The Bank of Japan is just unstoppable.
We’ve written recently about how its bond-buying is now more than making up for the bond-selling being done by the likes of the Federal Reserve, the impact on Japan’s massive overseas savings and the new governor’s intellectual heritage.
The cherry on the cake was Deutsche Bank’s titbit that the BoJ “may” have bought more than 100 per cent of some Japanese government bonds, as it buys the JGBs, lends them out again to ensure the market still has some supply, short sellers borrow it and dump them in the market, only for the BoJ to buy it once more.
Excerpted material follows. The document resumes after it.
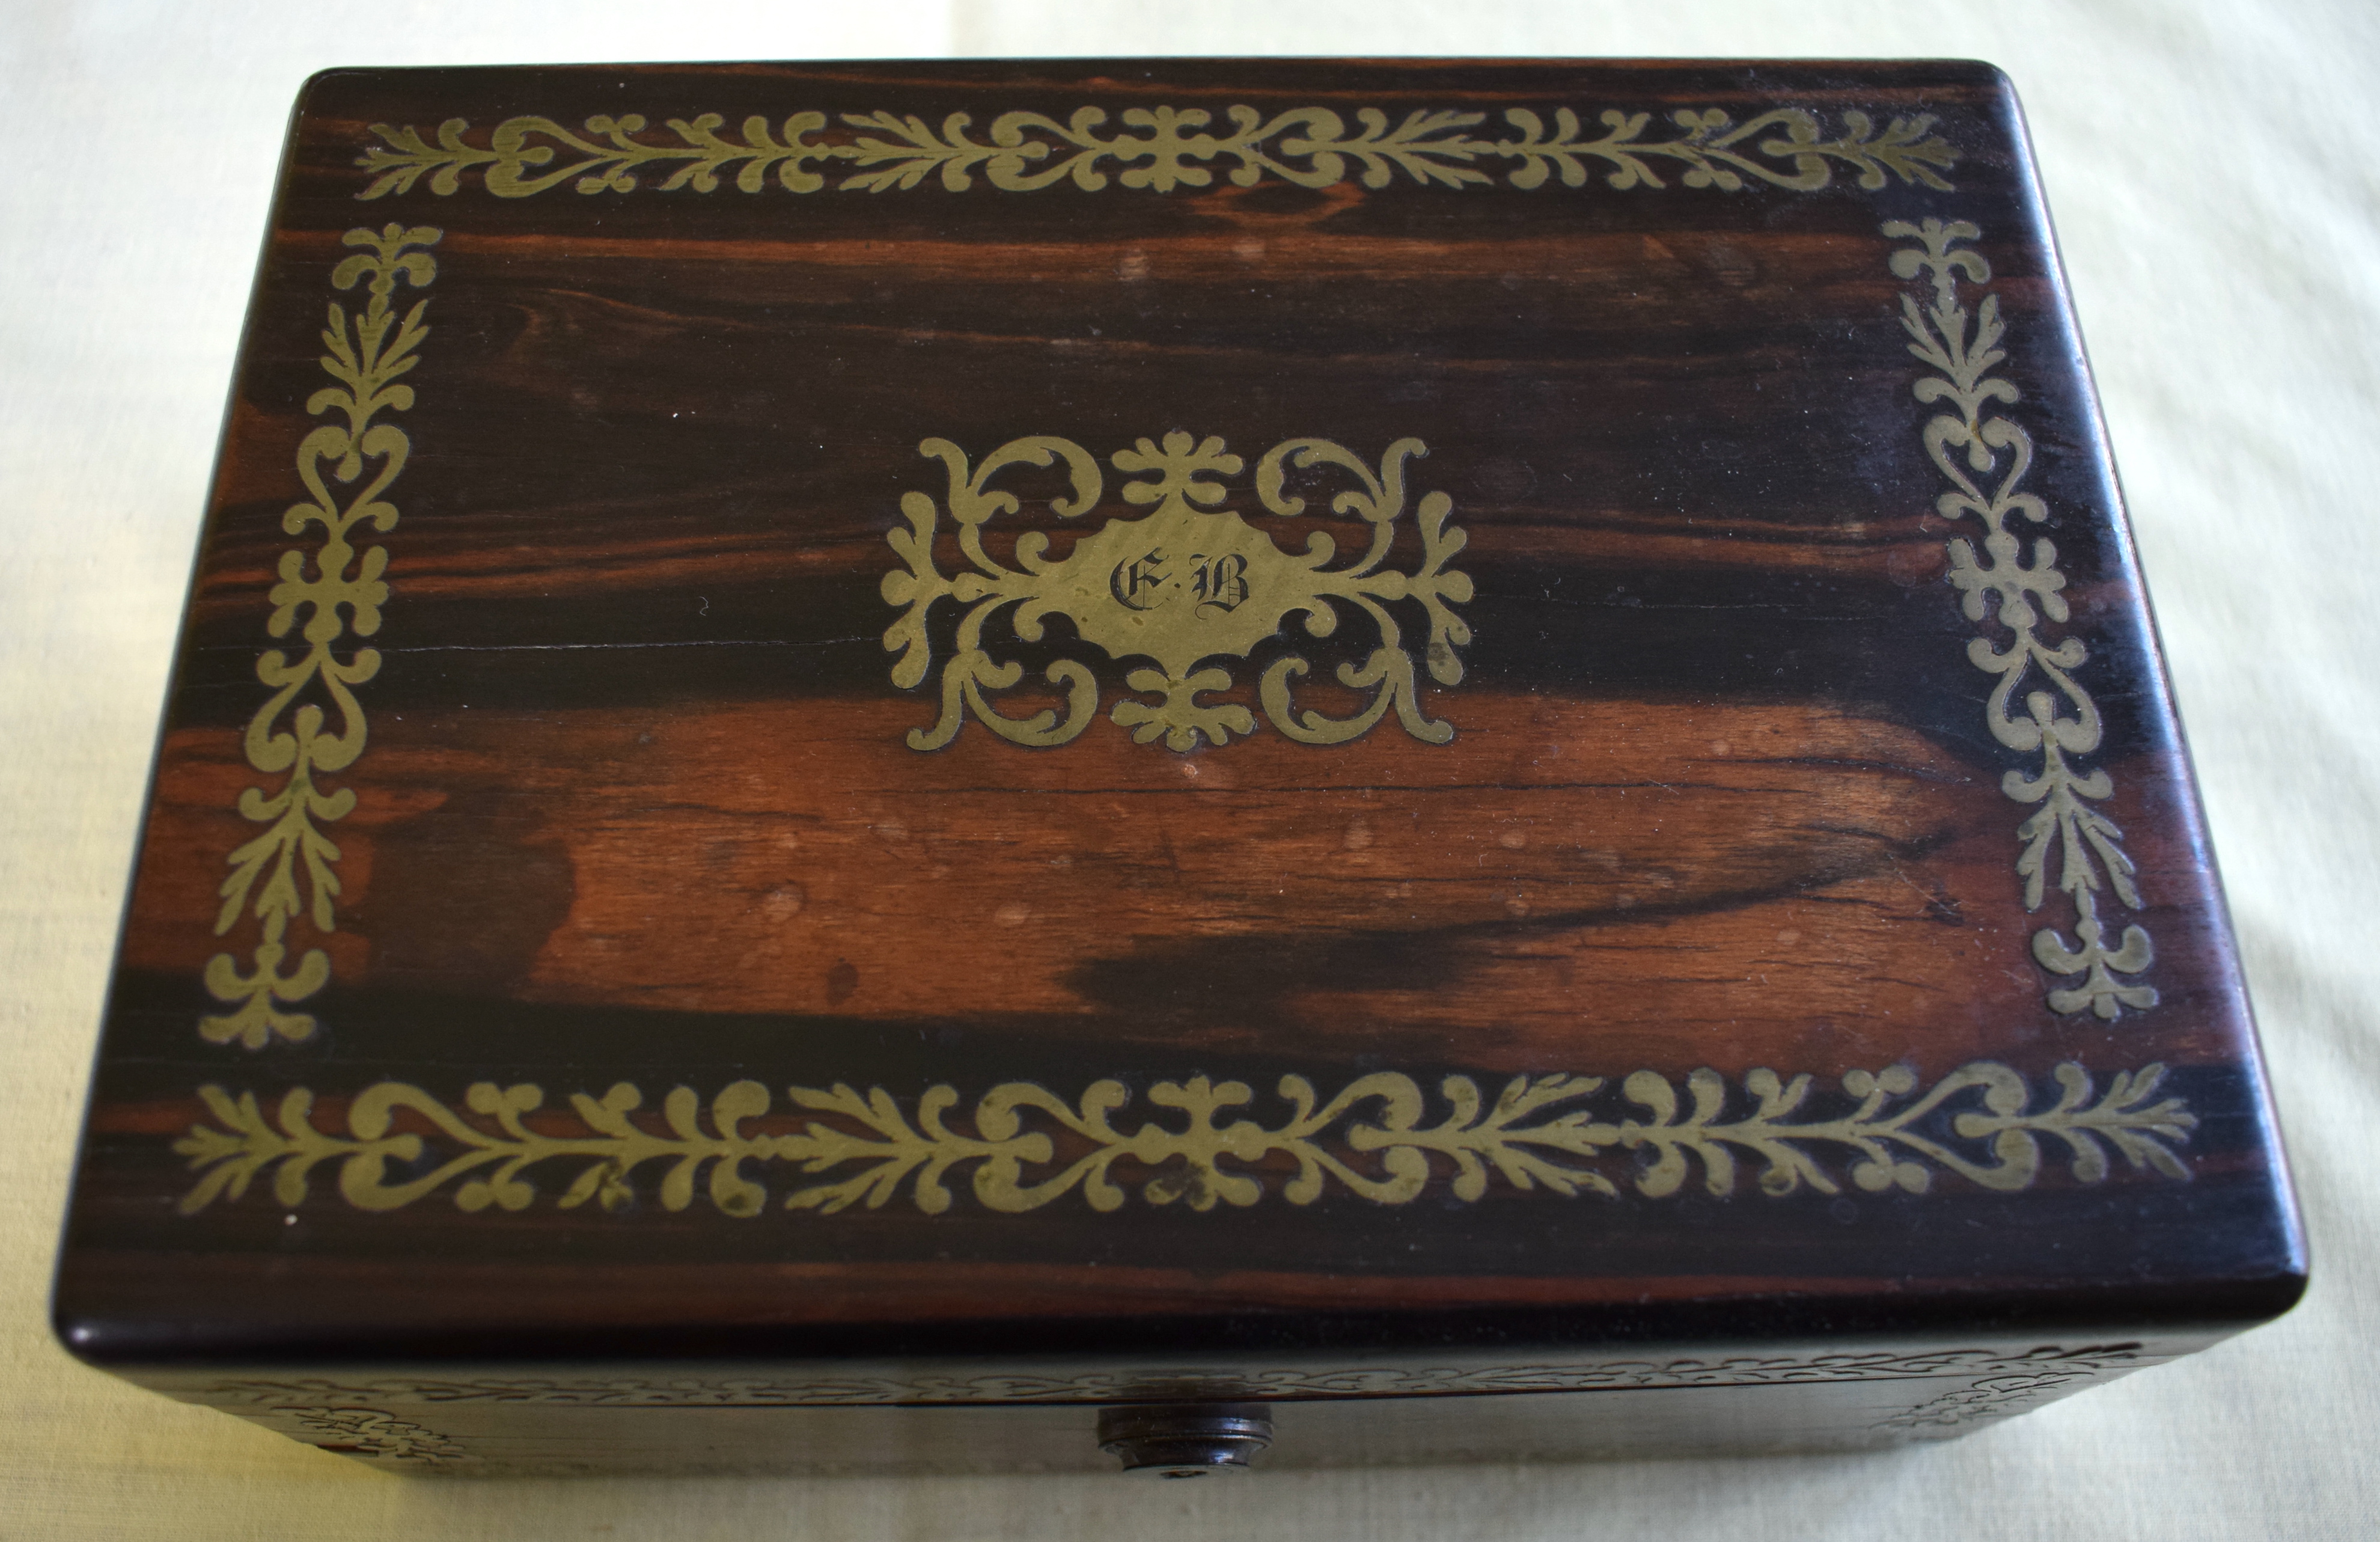 AN EARLY VICTORIAN COROMANDEL BRASS INLAID BOX AND COVER decorated with floral type motifs. 21 cm x - Image 3 of 5

Here is a killer chart from Oxford Economics’ Norihiro Yamaguchi that puts more flesh on the bone. After buying a record ¥20tn of JBGs last month, the BoJ now owns more than 100 per cent of all on-the-run 10-year Japanese government bonds. In fact it owns almost 140 per cent of the most recent issue.
Here’s Yamaguchi on the BoJ’s Catch-22:
◼ The Bank of Japan enhanced its funds-supplying operations in January, after widening the tolerance band for 10-year JGB yields in December. The January actions are aimed at bringing down yields while avoiding further direct JGB purchases, but long-term JGB yields are staying stubbornly high, and market liquidity has not recovered. Maintaining the Yield Curve Control (YCC) policy is more costly now than ever.
◼ Since the December meeting, speculation of further yield hikes has increased. The 10-year JGB yield has been staying close to the new cap, and a kink in the yield curve remains. With the BoJ aggressively purchasing the JGBs, all on-the-run 10-year JGBs have effectively been absorbed from the market. Money market rates imply the shortage of JGBs is severe.
◼ To improve market liquidity, the BoJ is conducting securities lending daily, and raising its bid amount since late-December. Ironically, part of the bonds provided by this lending are used to construct short-sell positions in JGBs, resulting in further upward pressure on yields. To avoid such use, the BoJ has announced an increase in its fee. Given the new fee will be applied to all borrowers, this action is likely to limit liquidity provision.
◼ The BoJ’s January decision lowered both the JGB and swap rates considerably. The operation came with solid demands from financial institutions, at least for now. However, its impact on the market has been limited except for the initial reaction.
◼ The slight improvement in the JGB market functioning has raised the possibility that the bank will be forced to re-expand the target for the long-term yield in the not too-distant future. It will help the new governor to buy time to conduct a comprehensive review of the policy framework.